● **ASSIGNMENT**
Using the data below, restate exactly every line from the one with "Tesco Food Officialのインスタグラム：「Give" up to and including the one with "A VICTORIAN TRIPLE". No picture belongs in it.

● **INFORMATION SUPPLIED**
[Start of section]

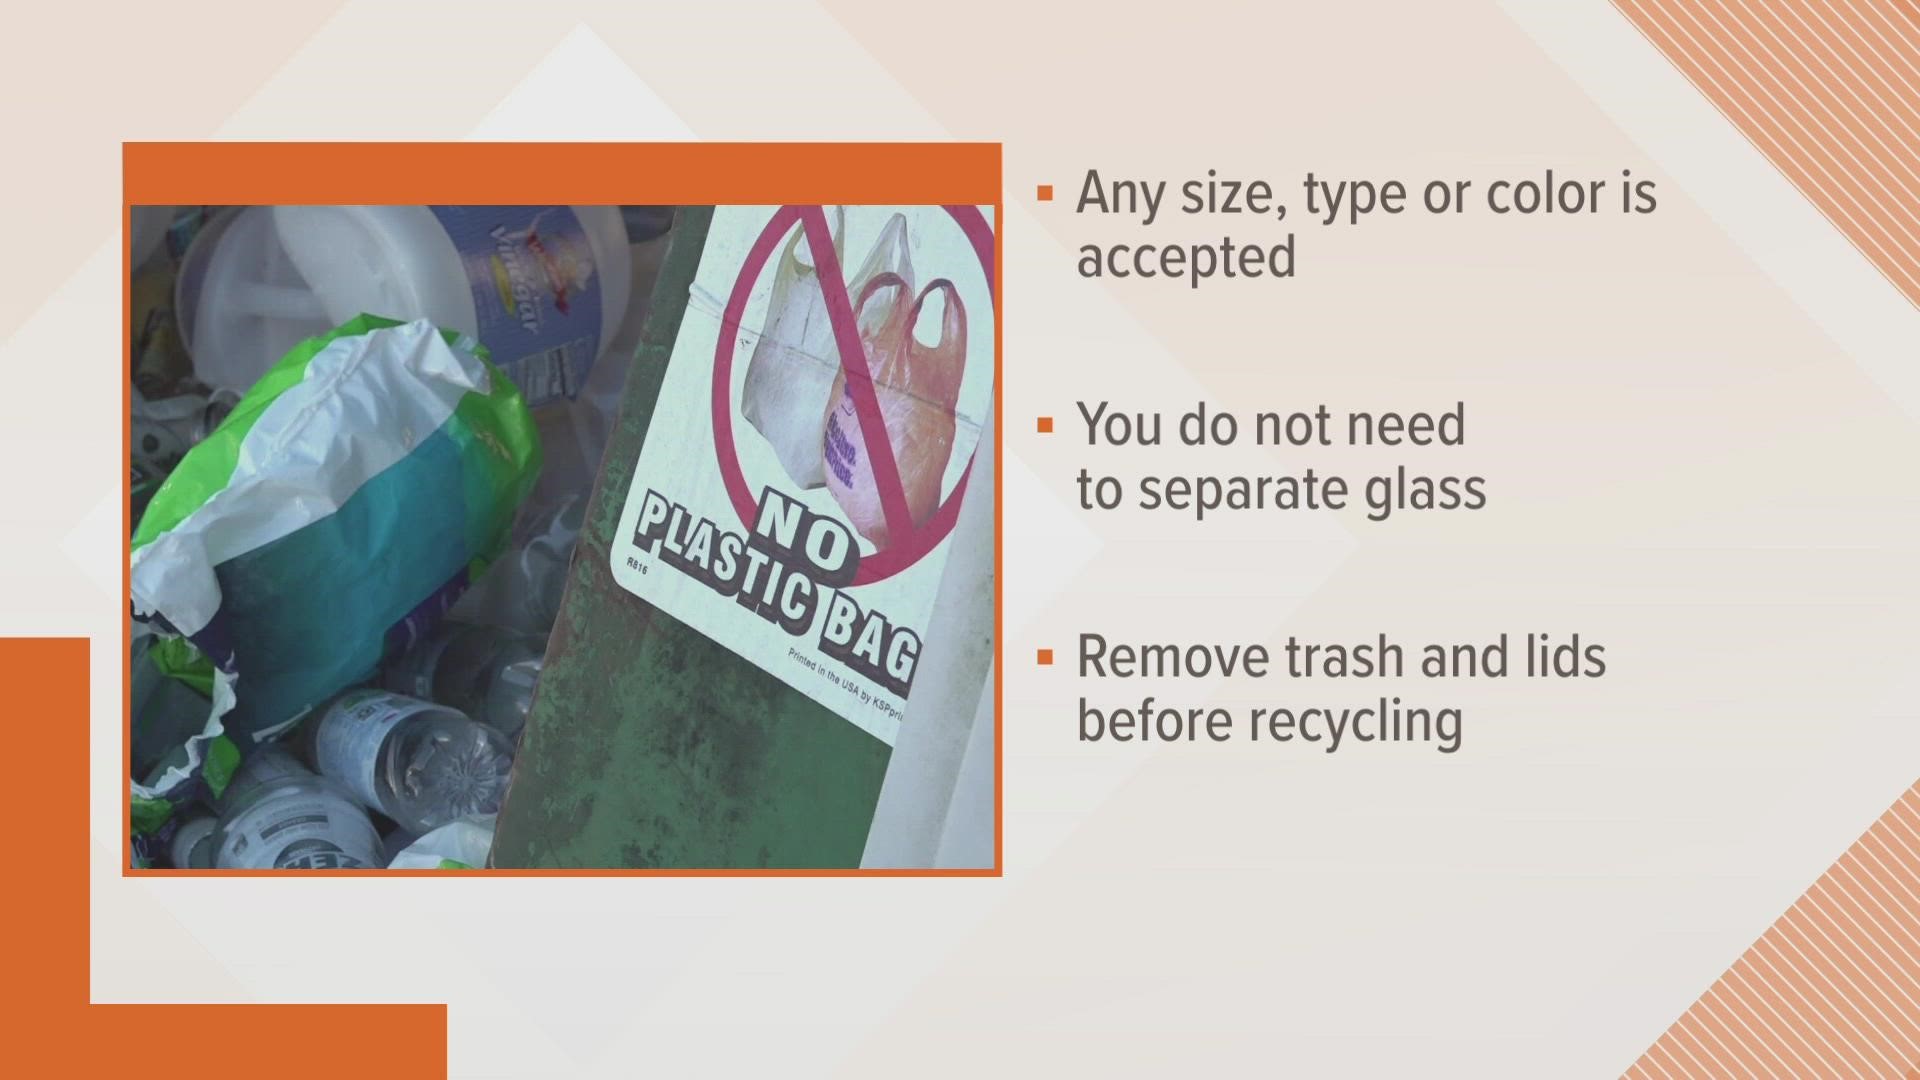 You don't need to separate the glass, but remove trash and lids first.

[End of section]
[Start of section]

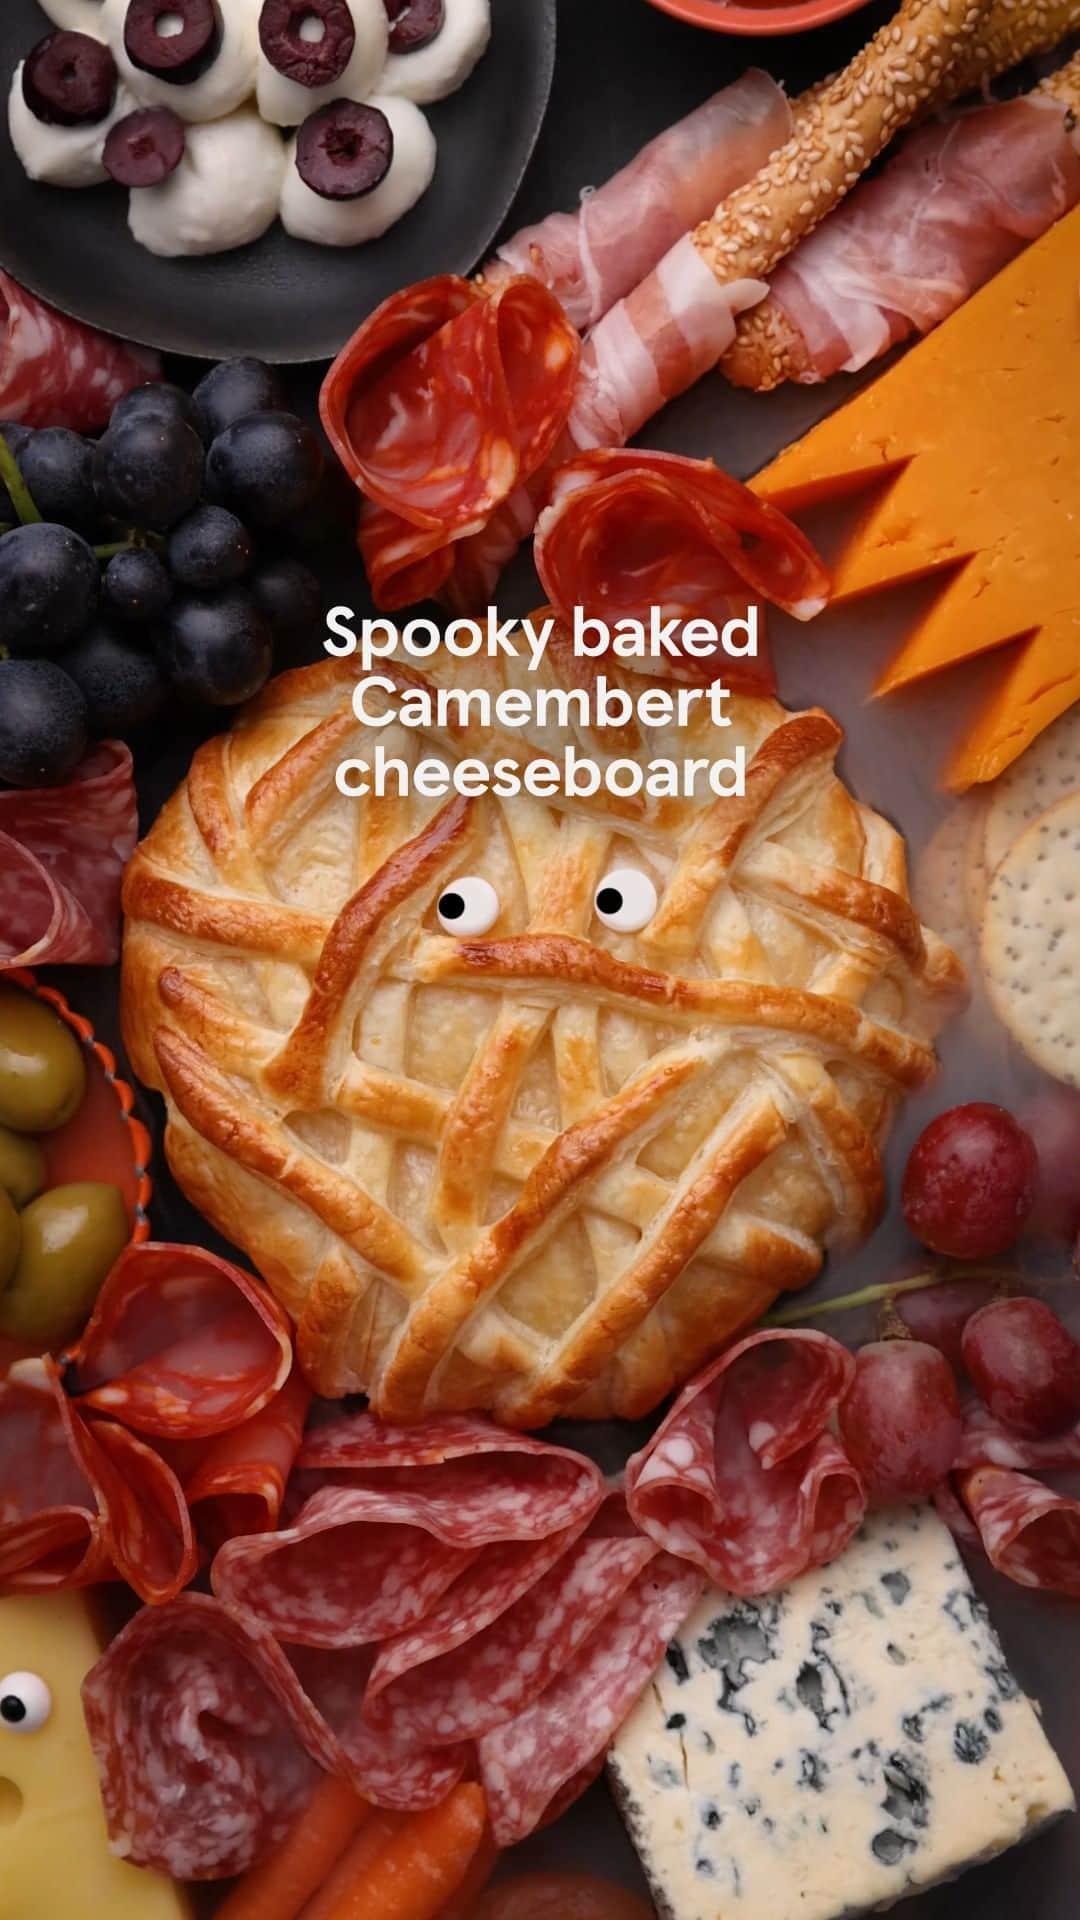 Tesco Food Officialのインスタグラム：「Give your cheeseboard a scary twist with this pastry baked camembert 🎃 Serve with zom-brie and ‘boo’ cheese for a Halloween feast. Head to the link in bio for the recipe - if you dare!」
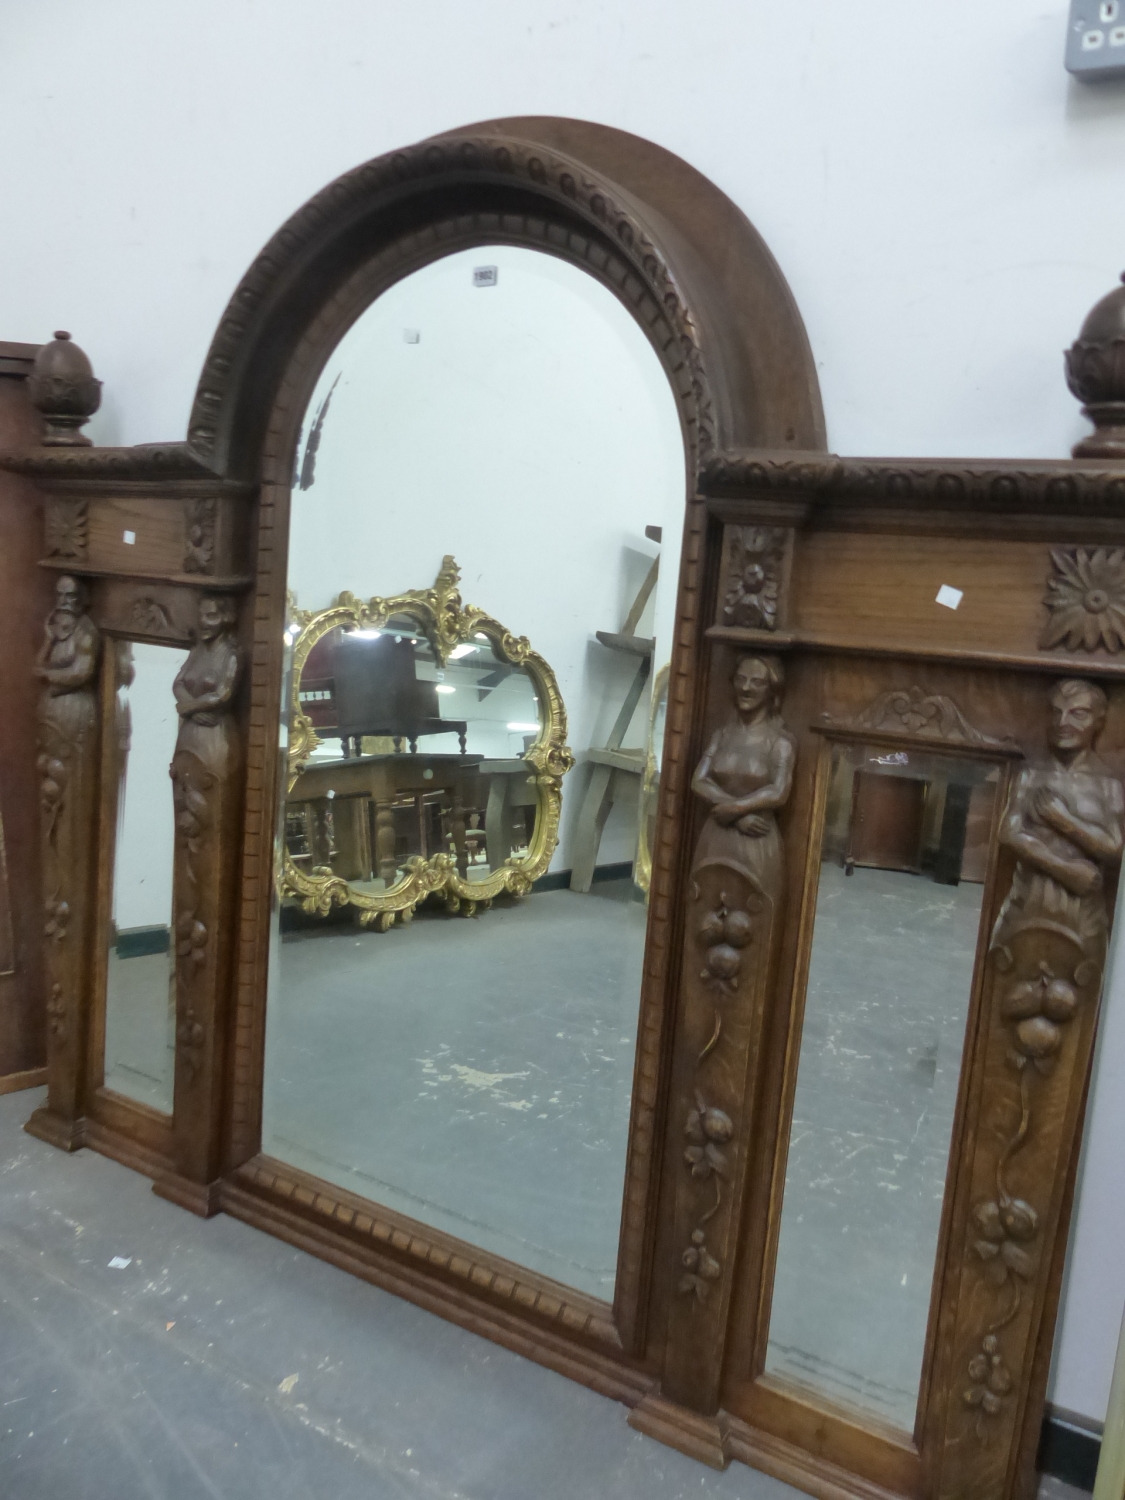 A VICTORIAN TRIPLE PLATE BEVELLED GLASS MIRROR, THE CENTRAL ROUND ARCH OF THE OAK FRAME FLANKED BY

[End of section]
[Start of section]

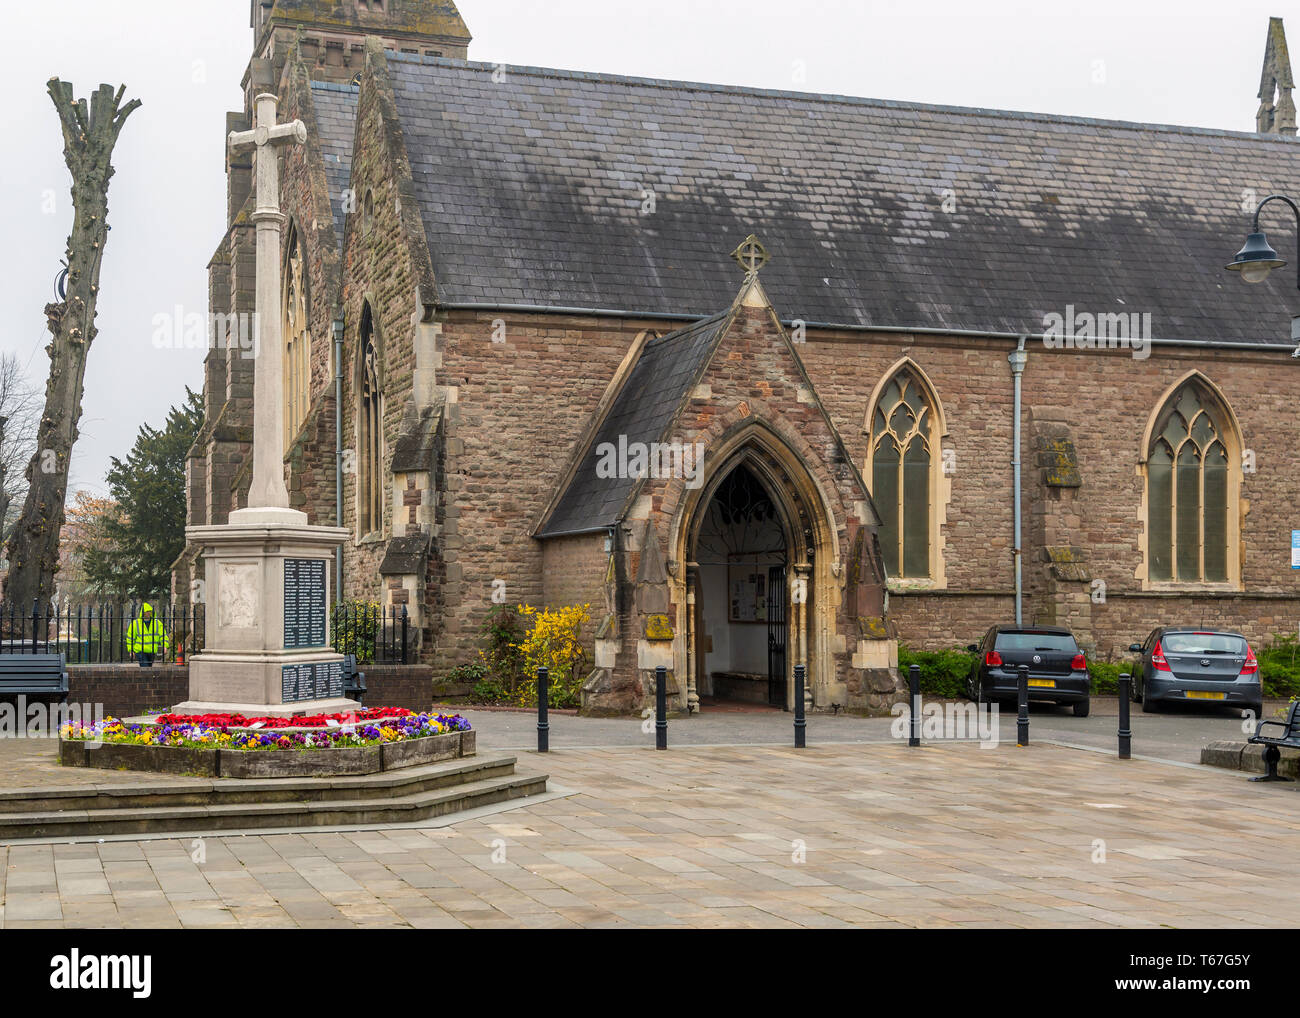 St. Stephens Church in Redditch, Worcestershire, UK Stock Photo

[End of section]

● **FINISHED EXERCISE**
 Tesco Food Officialのインスタグラム：「Give your cheeseboard a scary twist with this pastry baked camembert 🎃 Serve with zom-brie and ‘boo’ cheese for a Halloween feast. Head to the link in bio for the recipe - if you dare!」
 A VICTORIAN TRIPLE PLATE BEVELLED GLASS MIRROR, THE CENTRAL ROUND ARCH OF THE OAK FRAME FLANKED BY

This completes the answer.